Roof claims severity hits record highs even as storm activity falls, Verisk data shows

Insurers are facing a structural loss problem that calmer weather cannot resolve

Roof claims severity hits record highs even as storm activity falls, Verisk data shows

Property

By Josh Recamara

A quieter storm season in 2025 did little to ease the roof-related loss burden on American property insurers. New data showed that replacement costs surged to their highest levels on record even as overall claims volume fell sharply. 

The 2025 Verisk US Roof Report found that average residential roof replacement costs reached $17,631 in 2025, a 33% increase over the prior four-year average, while repair costs averaged $4,699, up 25% over the same baseline. Total residential roof replacement cost value declined to $23 billion in 2025 from an average of $24.4 billion in 2021 and 2024, but only because a limited hurricane season suppressed frequency. The underlying cost trajectory remained firmly upward.

A structural loss problem, not a weather problem

In 2024, US roof repair and replacement cost value totaled nearly $31 billion, up nearly 30% since 2022, with roofing line items making up more than a quarter of all residential claim value. Non-catastrophic wind and hail roof claims rose from 17% to 25% of all residential claims between 2022 and 2024, a shift that points to everyday weather events driving severity independently of named storms.

That trend sits within a broader context of rising severe convective storm losses that is drawing increasing concern from reinsurers. US severe convective storm insured losses reached $42 billion in the first nine months of 2025 alone, with average per-event costs running 31% higher than the previous decade's average, prompting Moody's to describe the loss level as a "new normal".

For the full year, Swiss Re estimated global insured losses from severe convective storms at $50 billion — the third costliest year on record — with the US accounting for 83% of total global natural catastrophe insured losses.

Hail exposure widens

Hail remains the dominant weather-related threat to US roofs, and its geographic reach expanded again in 2025.

Verisk data showed 16 states recorded severe hail impacts on more than 20% of roofs, up from 12 in 2024. Kansas led the nation with 51.8% of roofs impacted and a long-term average annual loss of $2.2 billion, while Arkansas, Nebraska, Oklahoma and South Dakota were the most consistently exposed states across 2022 to 2025.

Tory Farney, vice president of Verisk Weather Solutions, said the threat was cumulative as much as acute.

"Hail risk is not just about one monster storm; it's the cadence of frequent, smaller-scale events that can rapidly age and weaken a roof," he said. "Large hail may cause less damage per event than giant hail, but its wider footprint and year-to-year variability can drive unexpected concentrations of damage."

Roof condition as a core underwriting signal

The report's condition data carried direct implications for underwriting and pricing strategy.

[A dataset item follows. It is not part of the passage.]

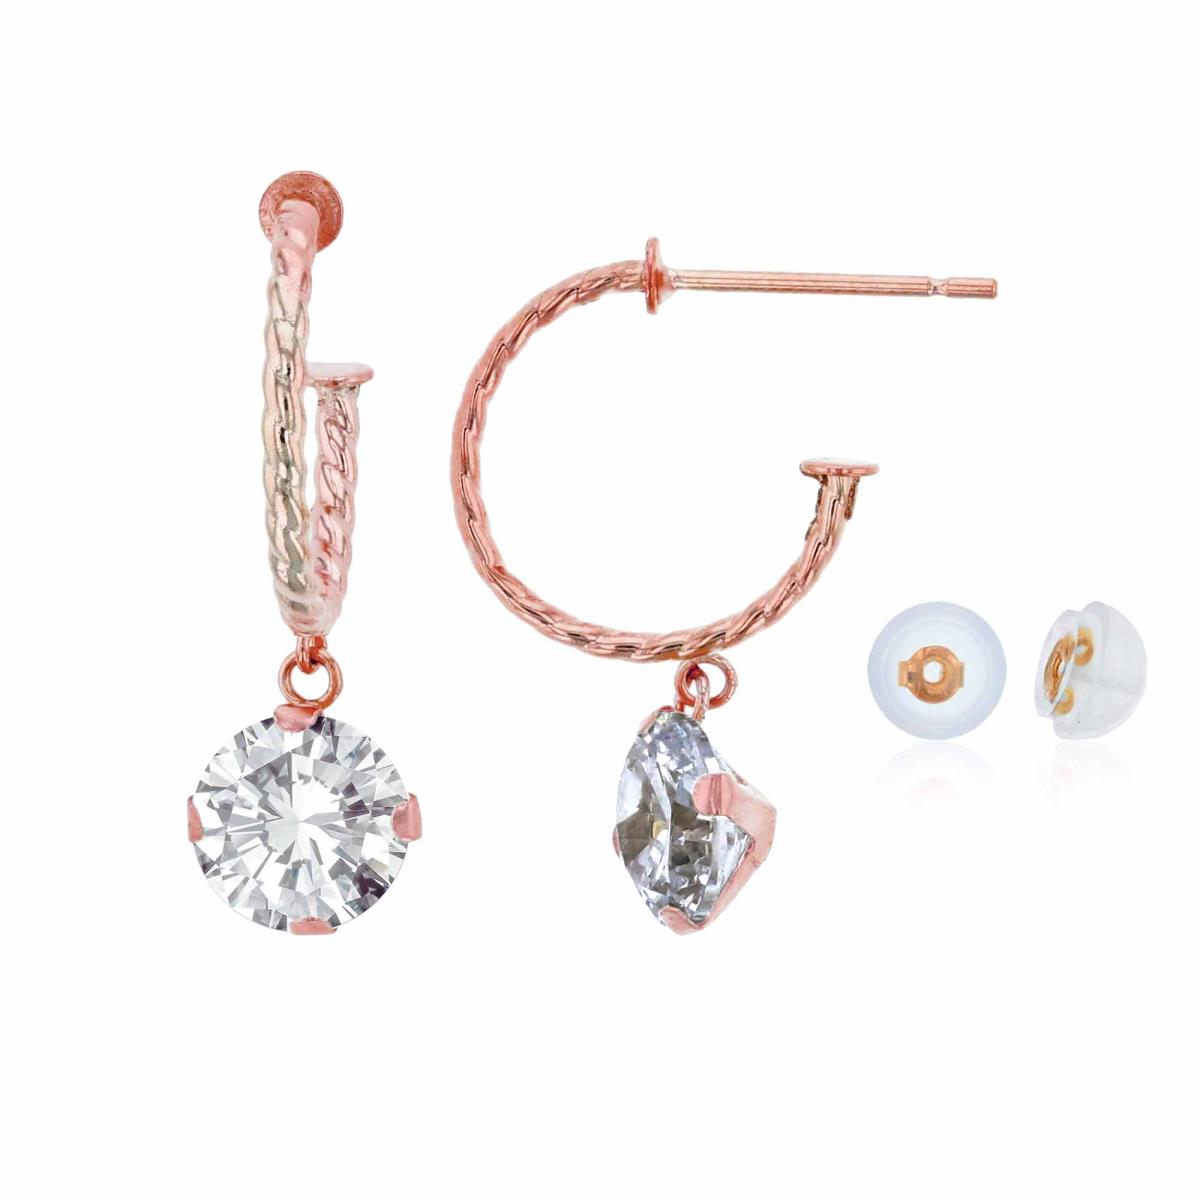 10K Rose Gold 12mm Rope Half-Hoop with 6mm Rd White Topaz Martini Drop Earring with Silicone Back

Verisk's Roof Condition Score baseline showed roofs rated moderate to poor experience approximately 60% higher loss costs than those rated good or excellent.

As of 2025, 38% of US residential homes showed moderate to poor condition based on aerial imagery analysis, meaning more than a third of the housing stock carries a materially elevated loss profile.

Ryan D'Amario, senior vice president of Property Product Management at Verisk, said the scale of the problem made roof condition a non-negotiable underwriting variable.

"When more than a third of the housing stock falls into this category, roof condition becomes a core underwriting signal that has meaningful implications for risk selection, loss predictability and pricing accuracy," he said.

The market is already repricing accordingly. The premium differential between roofs under five years old and those aged 11 to 15 years expanded from $49 in 2022 to $155 in 2025, with average deductibles rising 22% in 2025 following a 15% increase in 2024.

Insurers are increasingly deploying satellite imaging, drones and AI-driven assessments to evaluate properties at scale, enabling property-specific pricing rather than portfolio-level assumptions, according to the report.